More advanced commands
This section includes more complex examples.
| Operation | pandas | DataFrames.jl |
|---|---|---|
| Complex Function | df[['z']].agg(lambda v: np.mean(np.cos(v))) | combine(df, :z => v -> mean(cos, skipmissing(v))) |
| Aggregate multiple columns | df.agg({'x': max, 'y': min}) | combine(df, :x => maximum, :y => minimum) |
df[['x', 'y']].mean() | combine(df, [:x, :y] .=> mean) | |
df.filter(regex=("^x")).mean() | combine(df, names(df, r"^x") .=> mean) | |
| Apply function over multiple variables | df.assign(x_y_cor = np.corrcoef(df.x, df.y)[0, 1]) | transform(df, [:x, :y] => cor) |
| Row-wise operation | df.assign(x_y_min = df.apply(lambda v: min(v.x, v.y), axis=1)) | transform(df, [:x, :y] => ByRow(min)) |
df.assign(x_y_argmax = df.apply(lambda v: df.columns[v.argmax()], axis=1)) | transform(df, AsTable([:x, :y]) => ByRow(argmax)) | |
| DataFrame as input | df.groupby('grp').head(2) | combine(d -> first(d, 2), groupby(df, :grp)) |
| DataFrame as output | df[['x']].agg(lambda x: [min(x), max(x)]) | combine(df, :x => (x -> (x=[minimum(x), maximum(x)],)) => AsTable) |
Note that pandas preserves the same row order after groupby whereas DataFrames.jl shows them grouped by the provided keys after the combine operation, but select and transform retain an original row ordering.
Joining data frames
DataFrames.jl supports join operations similar to a relational database.

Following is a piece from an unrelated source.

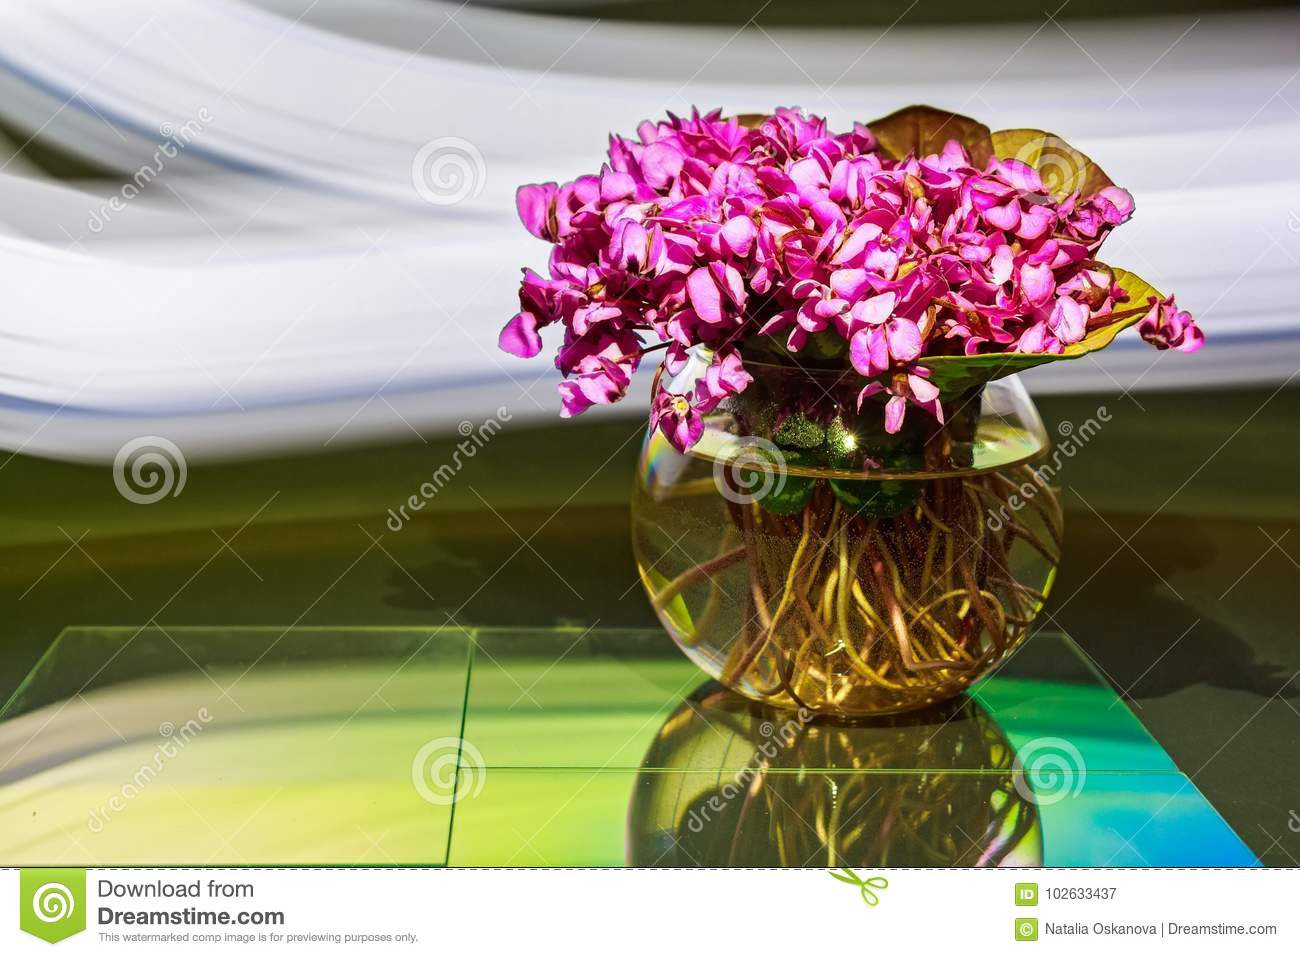 30 Awesome Small Glass Vases for Centerpieces 2024 free download small glass vases for centerpieces of bouquet of violet flowers or viola odorata in bowl stock image intended for bouquet of violet flowers or viola odorata in bowl

| Operation | pandas | DataFrames.jl |
|---|---|---|
| Inner join | pd.merge(df, df2, how = 'inner', on = 'grp') | innerjoin(df, df2, on = :grp) |
| Outer join | pd.merge(df, df2, how = 'outer', on = 'grp') | outerjoin(df, df2, on = :grp) |
| Left join | pd.merge(df, df2, how = 'left', on = 'grp') | leftjoin(df, df2, on = :grp) |
| Right join | pd.merge(df, df2, how = 'right', on = 'grp') | rightjoin(df, df2, on = :grp) |
| Semi join (filtering) | df[df.grp.isin(df2.grp)] | semijoin(df, df2, on = :grp) |
| Anti join (filtering) | df[~df.grp.isin(df2.grp)] | antijoin(df, df2, on = :grp) |
For multi-column joins, both pandas and DataFrames.jl accept an array for the on keyword argument.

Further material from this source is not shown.